Farrow disputes Naomi Campbell’s ‘blood diamond’ testimony
Testifying before the Sierra Leone war crimes court Monday, US actress Mia Farrow said she heard supermodel Naomi Campbell saying she had been given a “huge diamond” by then Liberian president, Charles Taylor.
AFP - US actress Mia Farrow said Monday Naomi Campbell named Liberia's Charles Taylor as the man who sent a "huge diamond" to the supermodel's room in 1997, during testimony at a war crimes trial.
"She said that in the night she had been awakened. Some men were knocking at her door. They were sent by Charles Taylor and they had given her a huge diamond," Farrow told the Liberian ex-president's trial in The Hague.

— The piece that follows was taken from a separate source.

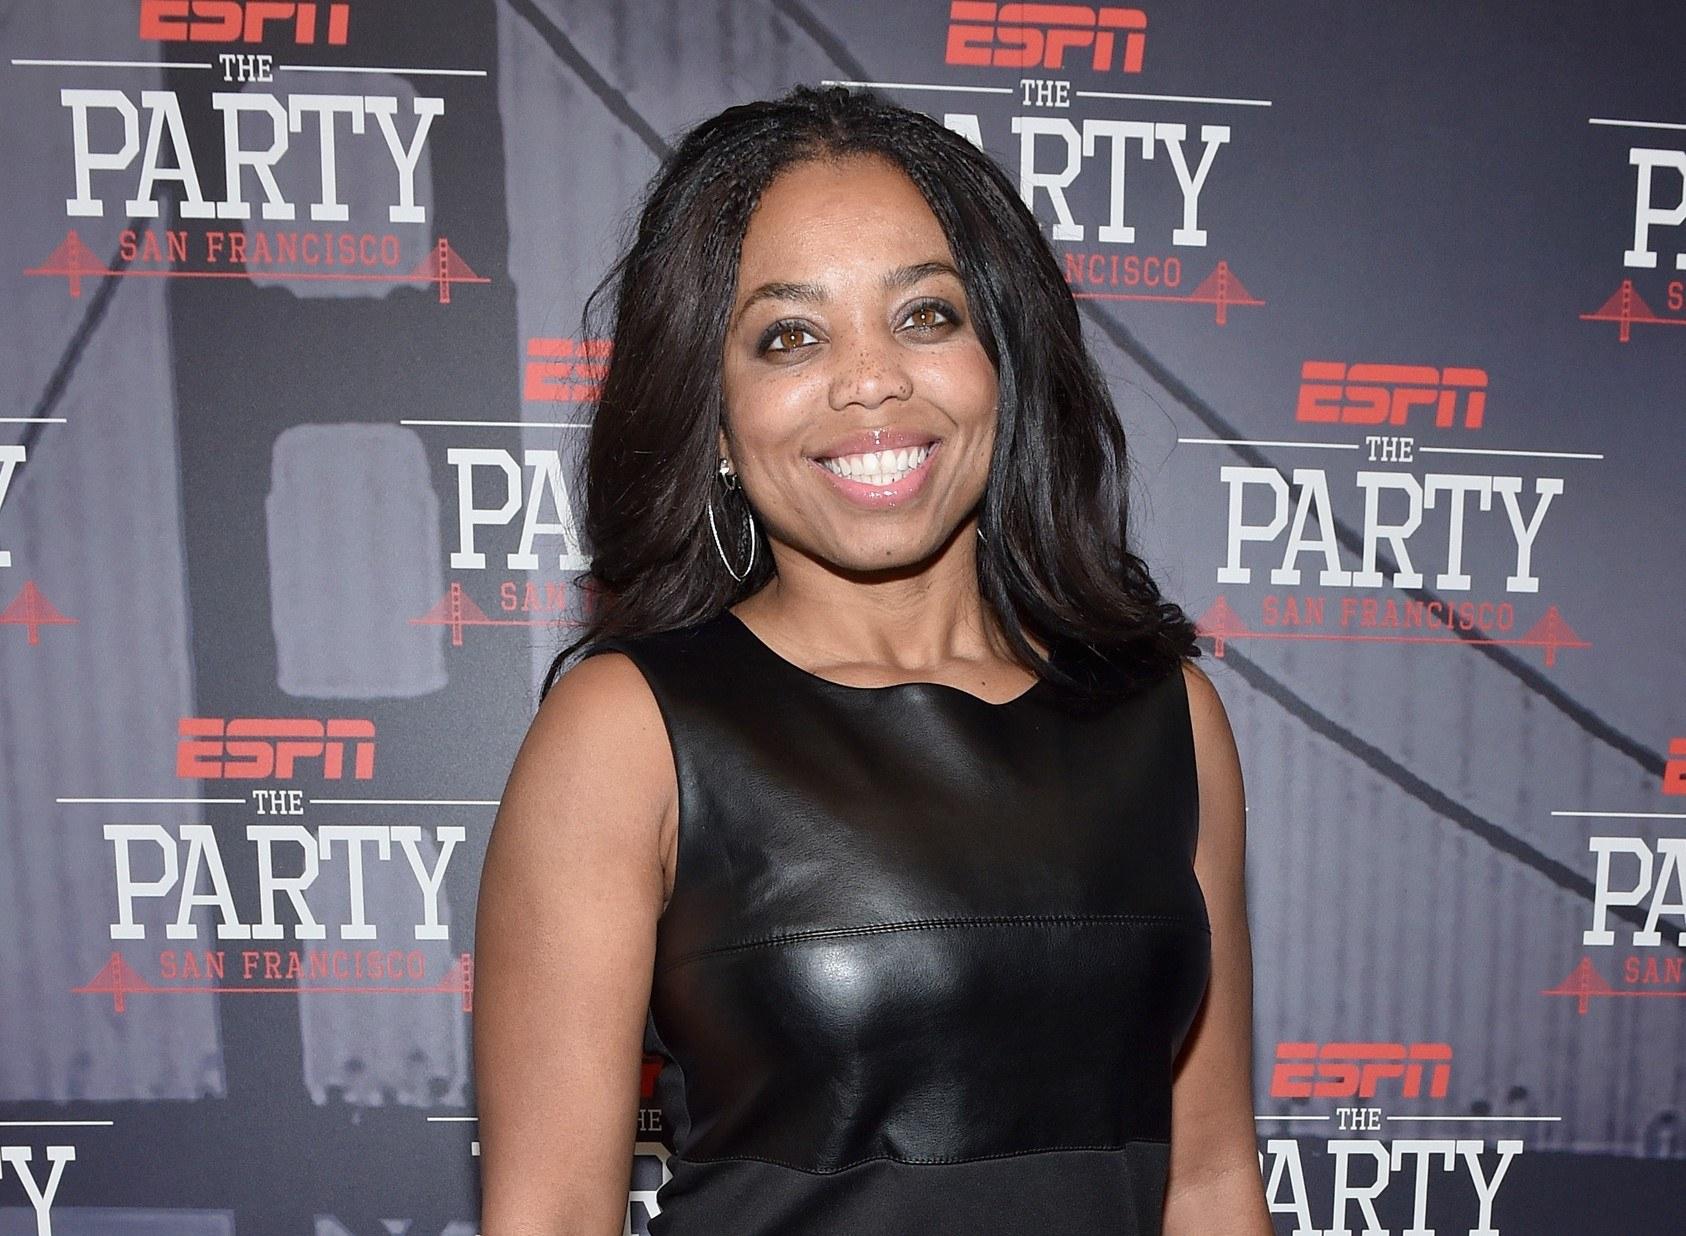 ESPN Journalist Jemele Hill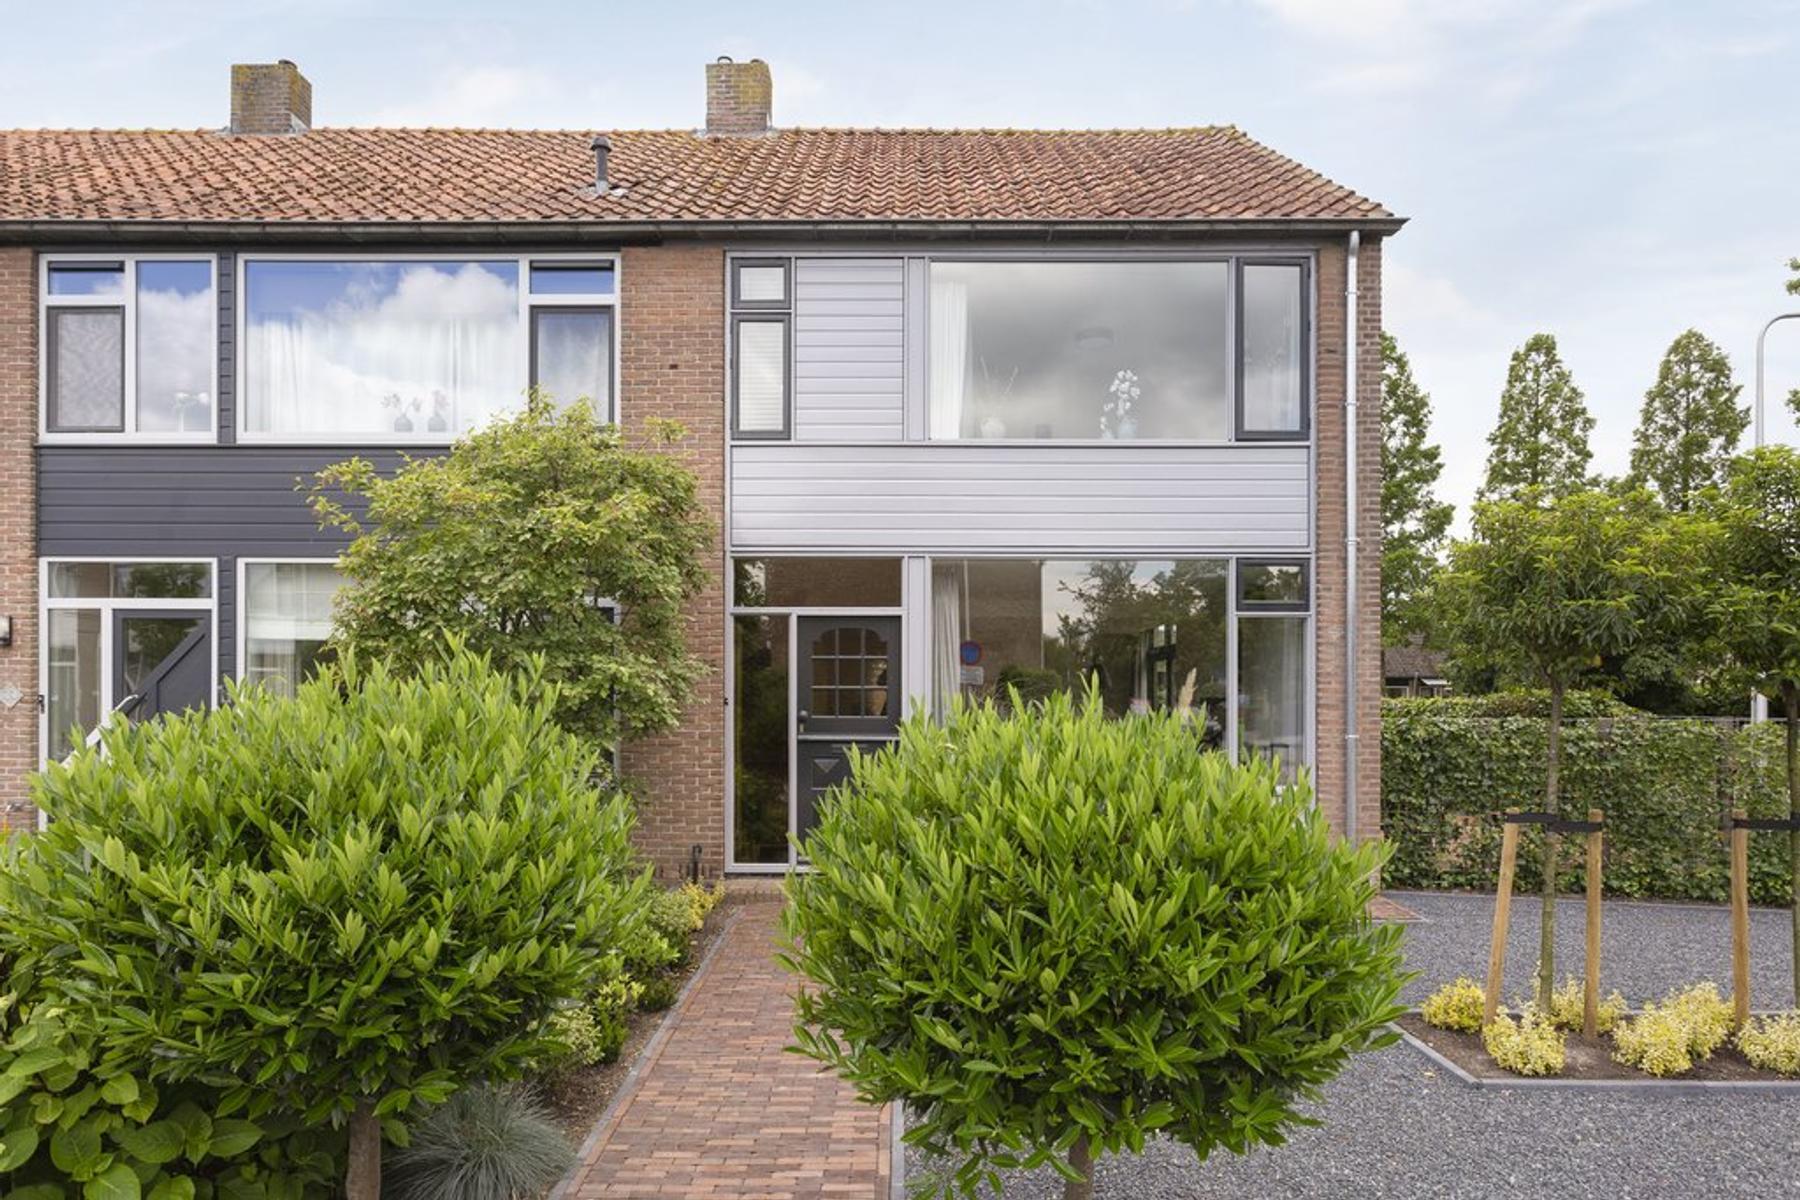 Azaleastraat 35 in Stolwijk 2821 TN

Farrow as well as Campbell's former agent, Carole White, have been called to testify Monday about a charity dinner hosted by then South African president Nelson Mandela in September 1997, after which two men brought a parcel of diamonds to Campbell's room at a guesthouse.
The two women were summoned as witnesses in the Taylor trial to challenge Campbell's evidence that she did not know who had sent her the late-night gift.
Wearing a dark pin-stripe suit, Farrow said in the witness stand that Campbell had talked of the gift at breakfast the next morning, "before she even sat down".
The model had also told the group that "she intended to give it to Nelson Mandela's children's charities," the actress said.
Farrow was called to the stand first, despite a witness list filed by the prosecution putting White in the opening slot.
Taylor's lawyer Courtenay Griffiths objected to the switch, but the judges allowed the prosecution to proceed.
Campbell told judges on Thursday the men gave her a pouch of "dirty-looking stones", which South African police have since identified as rough diamonds.
But she insisted she did not know who the gift came from, though she "assumed" it was Taylor.
White also is expected to challenge Campbell's version of events, having told prosecutors that Taylor and her ex-protege were "mildly flirtatious" throughout the dinner, and that she heard him promise the model a gift of diamonds.
"It was arranged that he would send some men back with the gift," stated the notes of an interview prosecutors had with White in May.
White said Campbell "seemed excited about the diamonds and she kept talking about them."
Two men arrived at the model's door that night, and White said she saw them give her "a scrubby piece of paper" containing about six "small, greyish pebbles".
When the delivery came, White "thought that Ms Campbell was disappointed because she thought she was going to get a big shiny diamond and these just looked like pebbles."
Taylor, 62, is on trial for his alleged role in the 1991-2001 Sierra Leone civil war that claimed some 120,000 lives.
He is accused of receiving illegally mined "blood diamonds" for arming rebels who murdered, raped and maimed Sierra Leone civilians, amputating their limbs and carving initials on their bodies.
Prosecutors want to prove that Taylor took rough diamonds to South Africa in 1997 "to sell... or exchange them for weapons" for Sierra Leone rebels.
Jeremy Ratcliffe, a former director of the Nelson Mandela Children's Fund, has since confirmed that Campbell gave him the rough diamonds which he handed over to police last Thursday.
South African police say they may want to question the model.